Rclone Power Moves for Backblaze B2 Cloud Storage

Post Syndicated from Skip Levens original https://www.backblaze.com/blog/rclone-power-moves-for-backblaze-b2-cloud-storage/

Rclone is described as the “Swiss Army chainsaw” of storage movement tools. While it may seem, at first, to be a simple tool with two main commands to copy and sync data between two storage locations, deeper study reveals a hell of a lot more. True to the image of a “Swiss Army chainsaw,” rclone contains an extremely deep and powerful feature set that empowers smart storage admins and workflow scripters everywhere to meet almost any storage task with ease and efficiency.


Rclone—rsync for cloud storage—is a powerful command line tool to copy and sync files to and from local disk, SFTP servers, and many cloud storage providers. Rclone’s Backblaze B2 Cloud Storage page has many examples of configuration and options with Backblaze B2.

Continued Steps on the Path to rclone Mastery

In our in-depth webinar with Nick Craig-Wood, developer and principal maintainer of rclone, we discussed a number of power moves you can use with rclone and Backblaze B2. This post takes it a number of steps further with five more advanced techniques to add to your rclone mastery toolkit.
Have you tried these and have a different take? Just trying them out for the first time? We hope to hear more and learn more from you in the comments.

Use --track-renames to Save Bandwidth and Increase Data Movement Speed

If you’re moving files constantly from disk to the cloud, you know that your users frequently re-organize and rename folders and files on local storage. Which means that when it’s time to back up those renamed folders and files again, your object storage will see the files as new objects and will want you to re-upload them all over again.

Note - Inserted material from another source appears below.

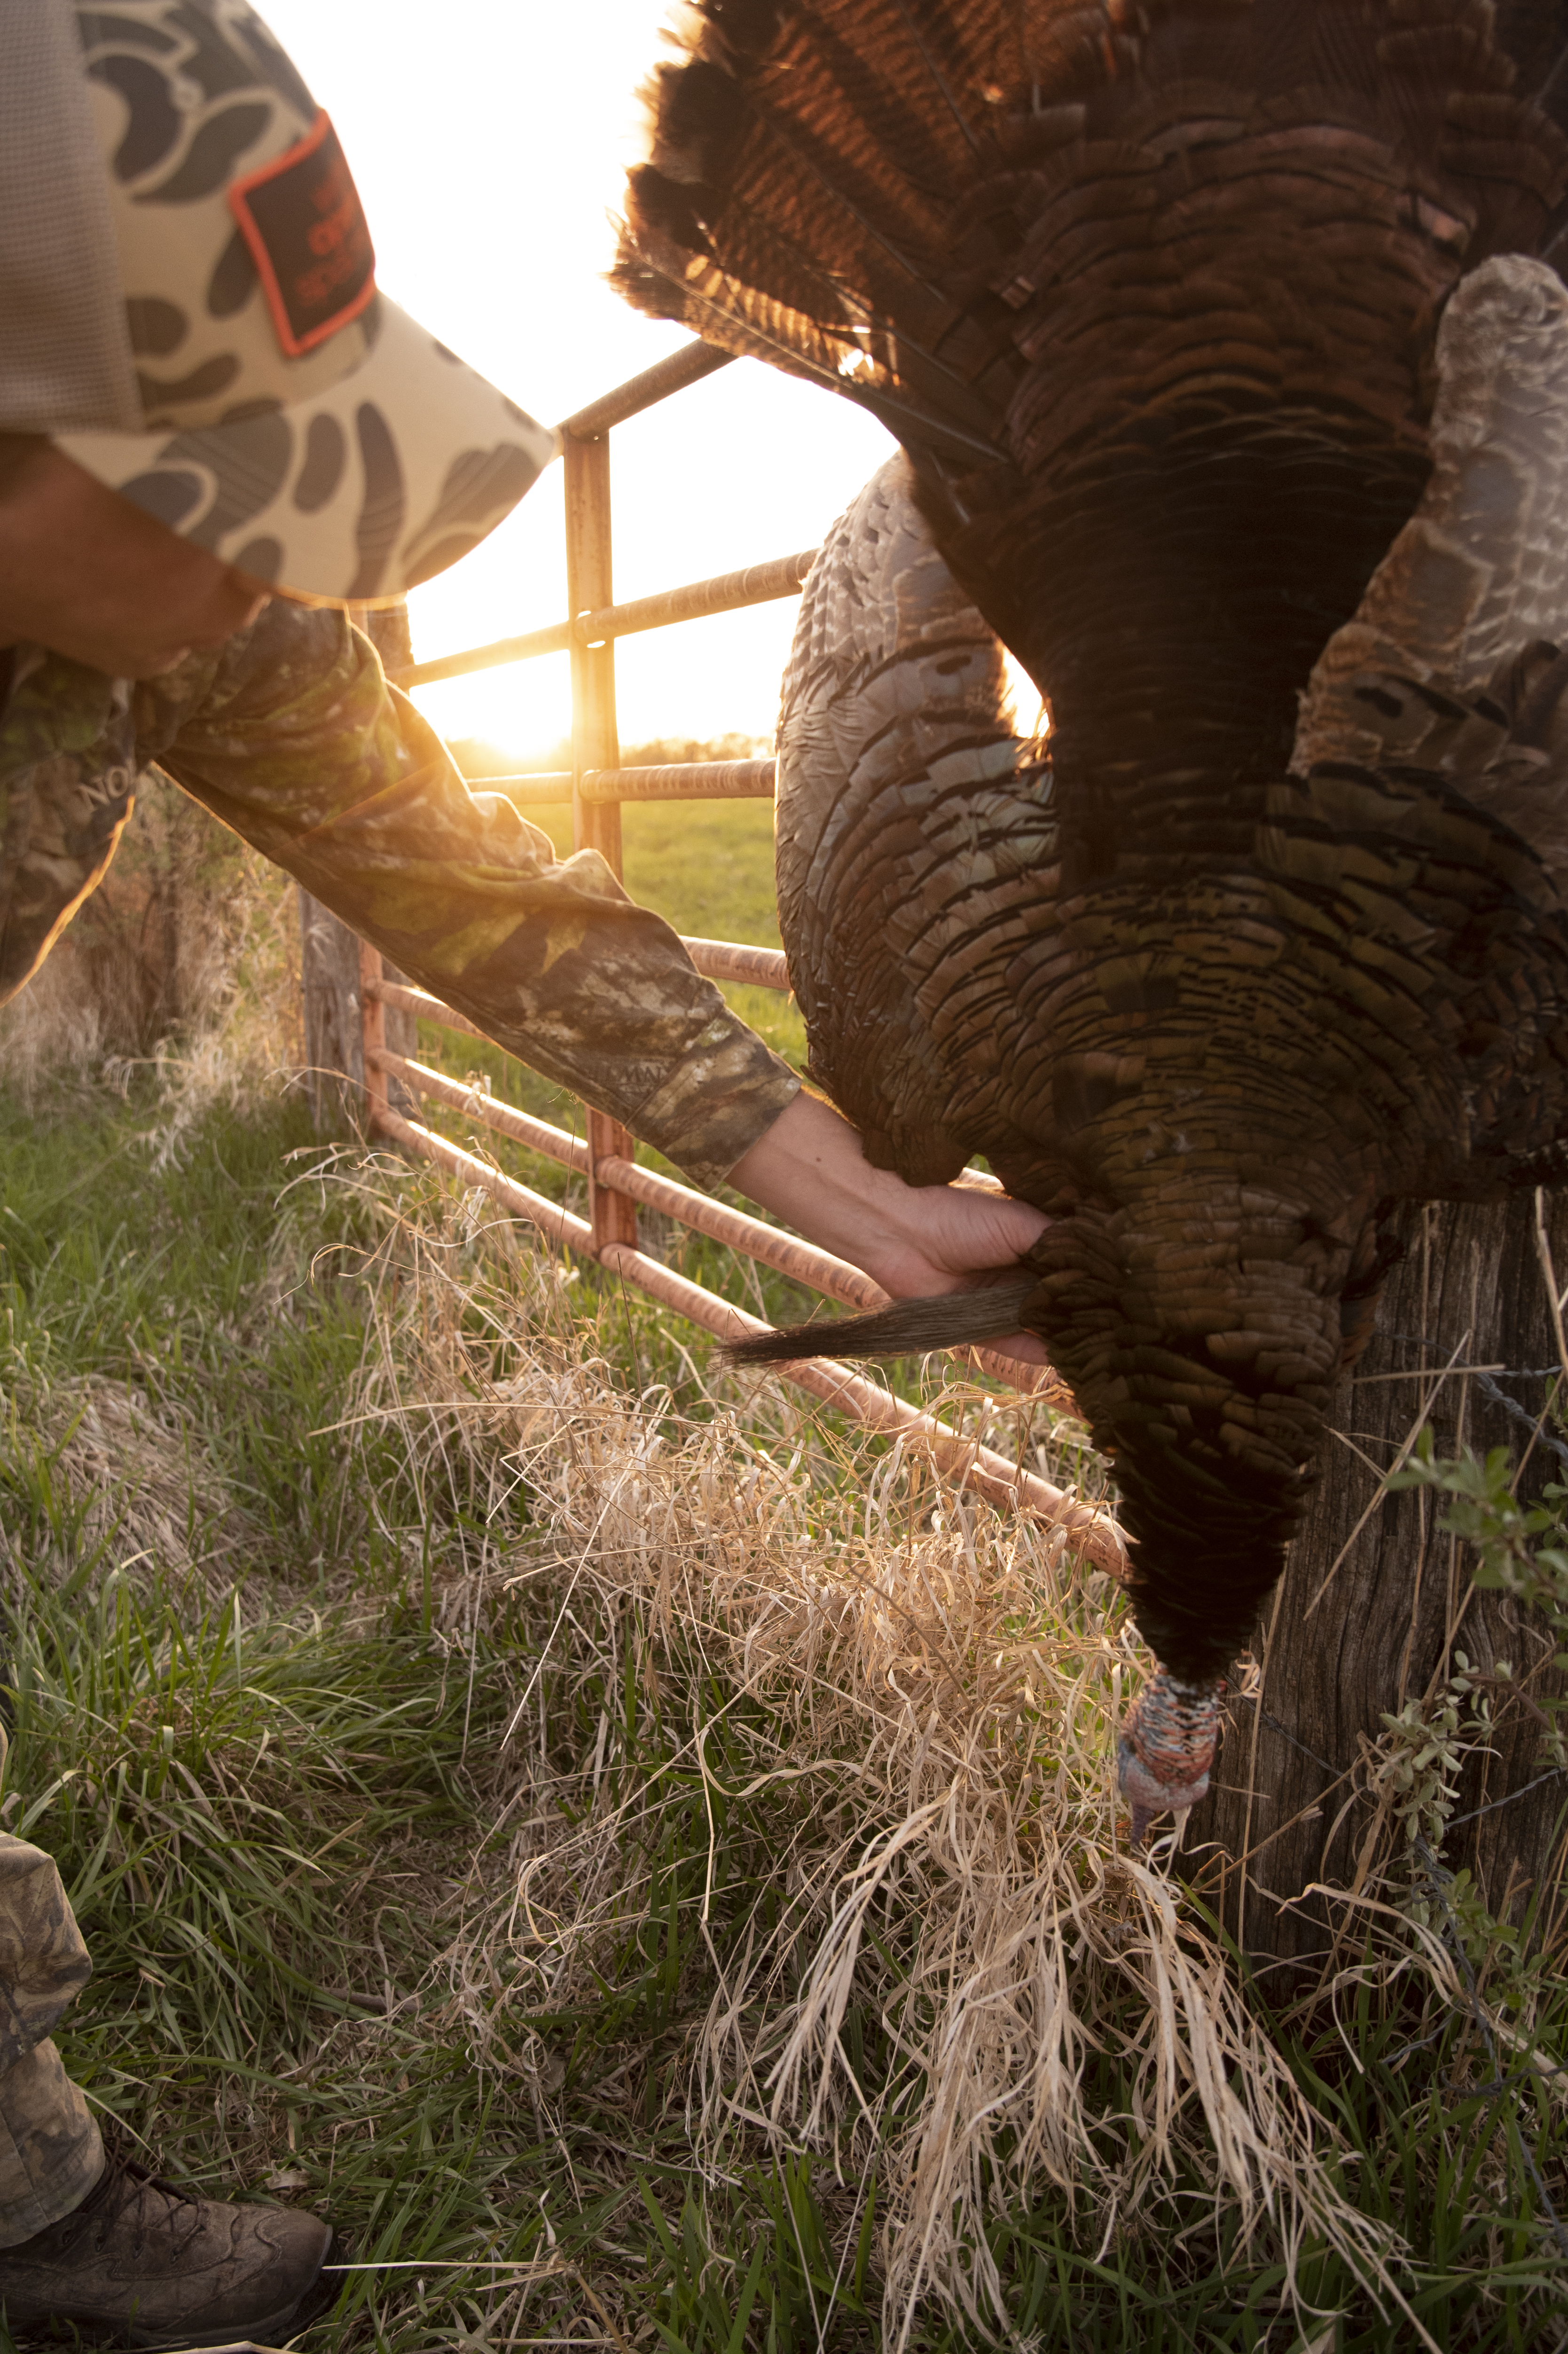 Turkey Grand Slam: All the Species Needed to Accomplish the Goal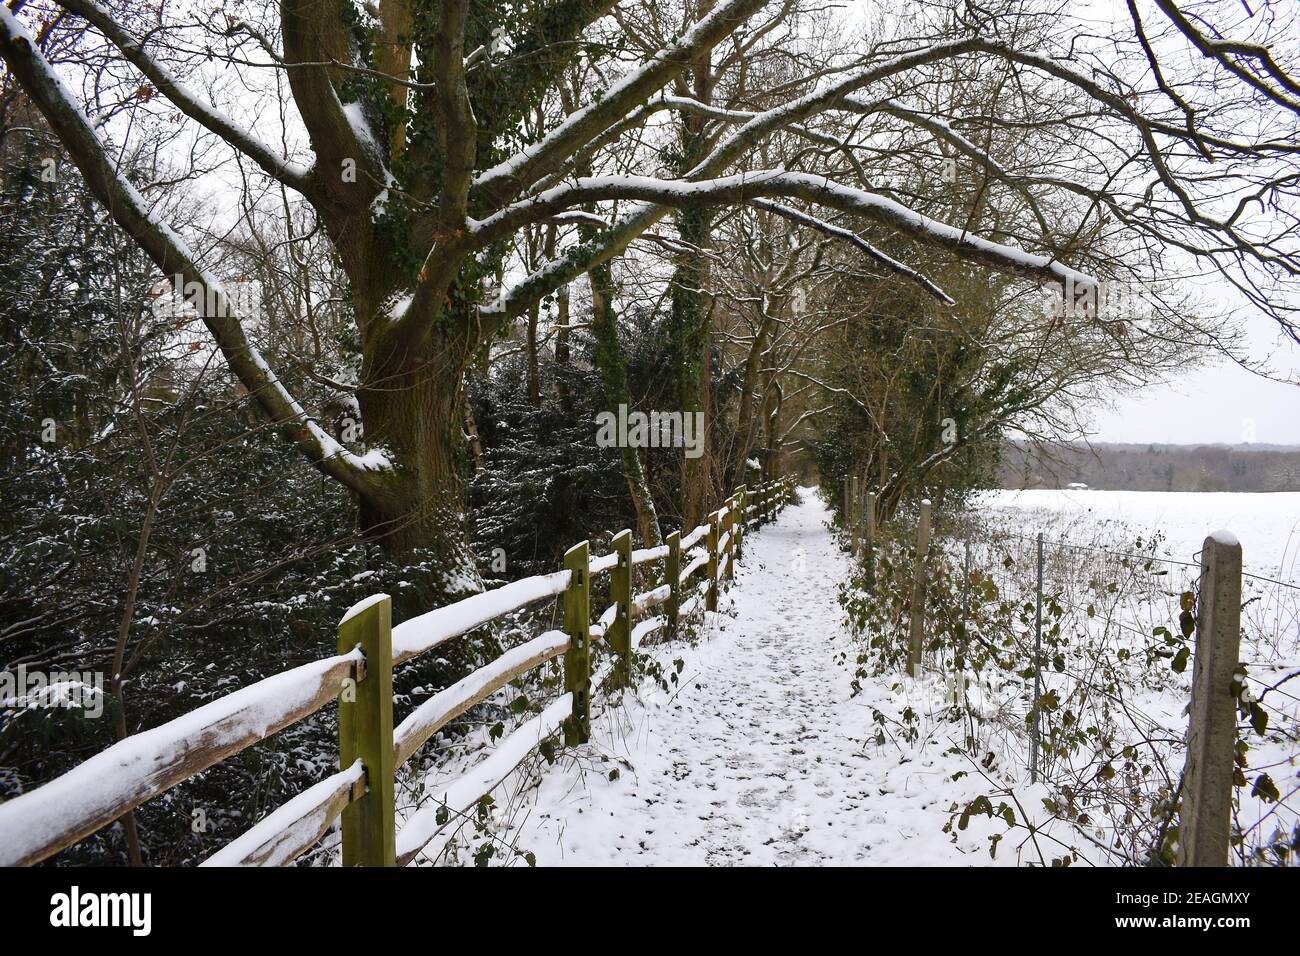 View looking down a path of the snow covered Worth Way near the village of Crawley Down in West Sussex, England, UK. Snowy footprints cover the path. Stock Photo

Rclone is smart enough to take advantage of Backblaze B2 Native APIs for remote copy functionality, which saves you from re-uploading files that are simply renamed and not otherwise changed.

By specifying the --track-renames flag, rclone will keep track of file size and hashes during operations. When source and destination files match, but the names are different, rclone will simply copy them over on the server side with the new name, saving you having to upload the object again. Use the --progress or --verbose flags to see these remote copy messages in the log.

rclone sync /Volumes/LocalAssets b2:cloud-backup-bucket \
–track-renames –progress –verbose

2020-10-22 17:03:26 INFO : customer artwork/145.jpg: Copied (server side copy)
2020-10-22 17:03:26 INFO : customer artwork//159.jpg: Copied (server side copy)
2020-10-22 17:03:26 INFO : customer artwork/163.jpg: Copied (server side copy)
2020-10-22 17:03:26 INFO : customer artwork/172.jpg: Copied (server side copy)
2020-10-22 17:03:26 INFO : customer artwork/151.jpg: Copied (server side copy)

With the --track-renames flag, you’ll see messages like these when the renamed files are simply copied over directly to the server instead of having to re-upload them.

 

Easily Generate Formatted Storage Migration Reports

When migrating data to Backblaze B2, it’s good practice to inventory the data about to be moved, then get reporting that confirms every byte made it over properly, afterwards.
For example, you could use the rclone lsf -R command to recursively list the contents of your source and destination storage buckets, compare the results, then save the reports in a simple comma-separated-values (CSV) list. This list is then easily parsable and processed by your reporting tool of choice.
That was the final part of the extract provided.